Seus discípulos disseram que uma multidão o seguia e seria normal alguém esbarrar-lhe. Ele respondeu que, desta vez, era diferente, que sentiu que dele saiu virtude. A mulher então se prostrou na frente de Cristo, afirmando ter sido ela a tocá-lo. Jesus responde: “Filha, a tua fé te salvou; vai-te em paz, e fica livre do teu mal”. É justamente aqui que este milagre se diferencia: ninguém intercedeu junto a Cristo, nem mesmo a mulher enferma; foi somente a fé daquela crente que a curou. É por isso que tenho este milagre como o mais belo de todos, pois em um pequeno gesto, ele nos ensina muita coisa.

A primeira delas é que basta a fé para que você possa alcançar a graça e a misericórdia divina. Infelizmente, tem gente esperando Cristo descer dos céus e lhe curar (o que seria extraordinário e totalmente possível); porém, essa passagem bíblica nos ensina claramente que basta ter fé, basta crer, basta pedir com verdade e pureza, que o milagre será concedido. Jesus nem viu quem lhe tocou, até porque a mulher sequer chegou a tocar-lhe, mas o milagre foi realizado, pois Jesus Cristo já havia dito: “Aquele que crê em mim, ainda que morra, viverá” (João 11.25). Mesmo que morra, viverá! Imagine, então, um milagre comparado a tamanha benção.

Todos os milagres são extraordinariamente lindos, mas esse que vos relatei acima sempre me emocionou mais, devido à fé daquela mulher. Queria eu que a humanidade tivesse um pouco dessa enorme fé, pois muitos dos problemas de hoje estariam resolvidos há bastante tempo.

A fé, nesse contexto, transcende a mera crença; ela se manifesta como uma ação, um movimento em direção ao que se busca. A mulher, apesar de sua condição e das restrições sociais, não se resignou ao sofrimento. Sua determinação em alcançar Jesus, mesmo que discretamente, é um testemunho da força que a convicção pode gerar. Ela não esperou por uma intervenção espetacular, mas agiu com a certeza de que um simples toque seria suficiente, demonstrando uma profunda compreensão da virtude divina.

Este milagre ressalta a importância da iniciativa pessoal na jornada da fé. Não se trata de uma espera passiva por um socorro divino, mas de uma busca ativa, impulsionada pela convicção de que a cura é possível. A mulher não pediu permissão, não fez alarde; ela simplesmente agiu movida por uma fé inabalável. Essa atitude proativa é um convite para que cada um de nós examine a própria fé e como a expressamos em nossas vidas, incentivando-nos a ir além da contemplação e a agir com propósito.
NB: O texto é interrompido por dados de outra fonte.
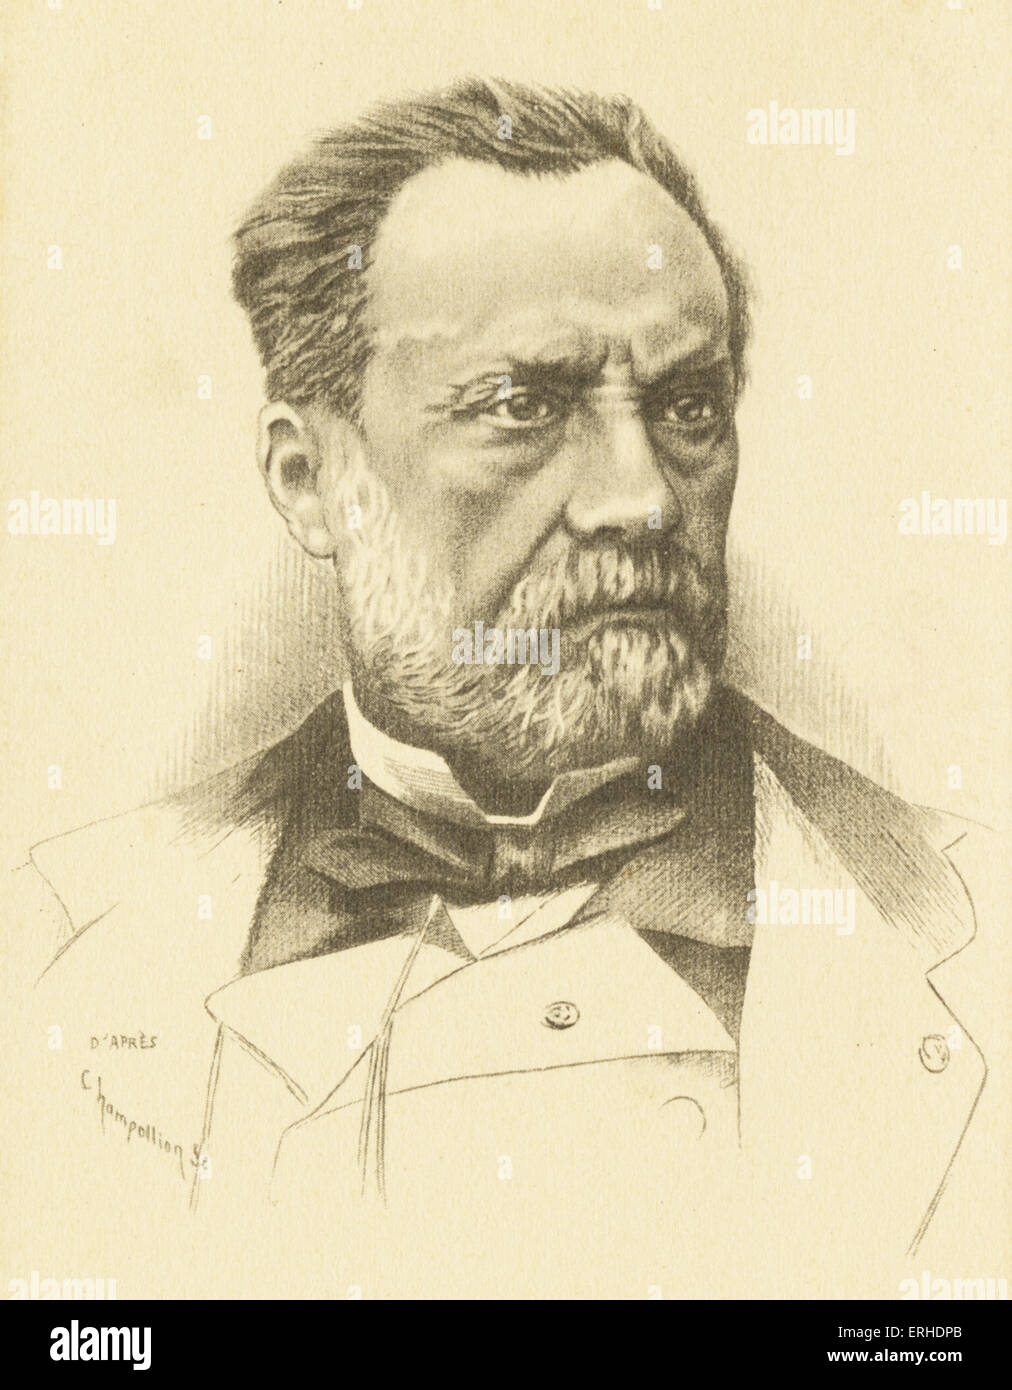 Louis Pasteur, Porträt, französischer Wissenschaftler 1822-1895, Erfinder des Verfahrens der Pasteurisierung und Beschaffung von Impfstoffen Stockfoto
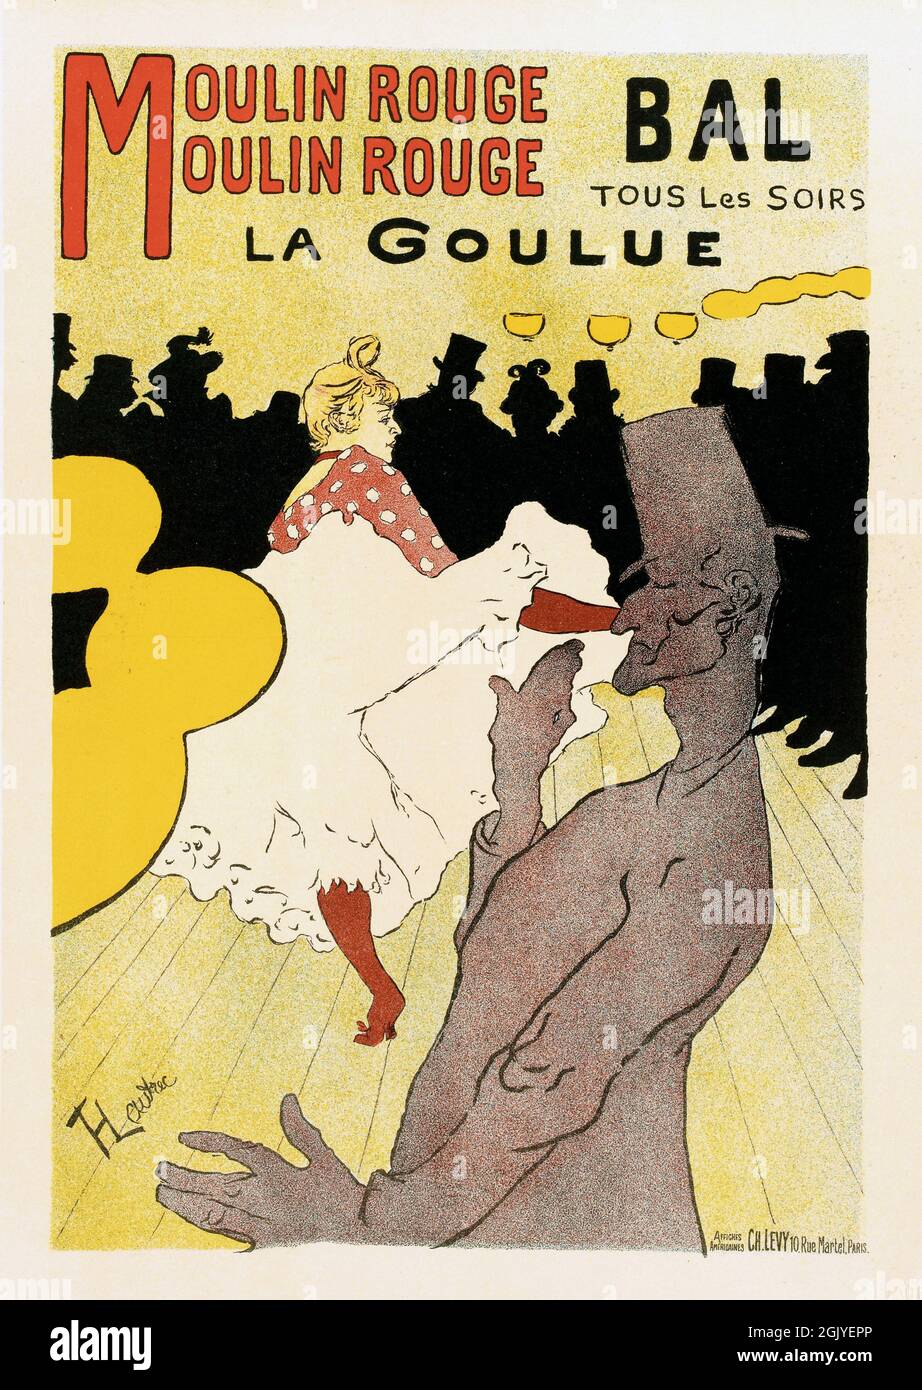 Vintage Poster advertising dancing and balls at Moulin Rouge, Bal tous les soirs La Goulue Moulin Rouge by Henri de Toulouse-Lautrec, 1891. Stock Photo

Portanto, a história da mulher com hemorragia é um poderoso lembrete de que a fé genuína não se limita a palavras ou pensamentos, mas se concretiza em ações. É a fé que nos impulsiona a superar obstáculos, a persistir diante das adversidades e a acreditar no impossível. Que a sua história nos inspire a cultivar uma fé que não apenas crê, mas que também se move, toca e transforma, revelando o poder ilimitado da graça divina em nossas vidas.

Termino sempre com uma frase, e hoje não poderia ser outra, senão a do nosso Senhor e Salvador, Jesus Cristo, no evangelho de Marcos, capítulo 9, que diz: “Tudo é possível ao que crer”.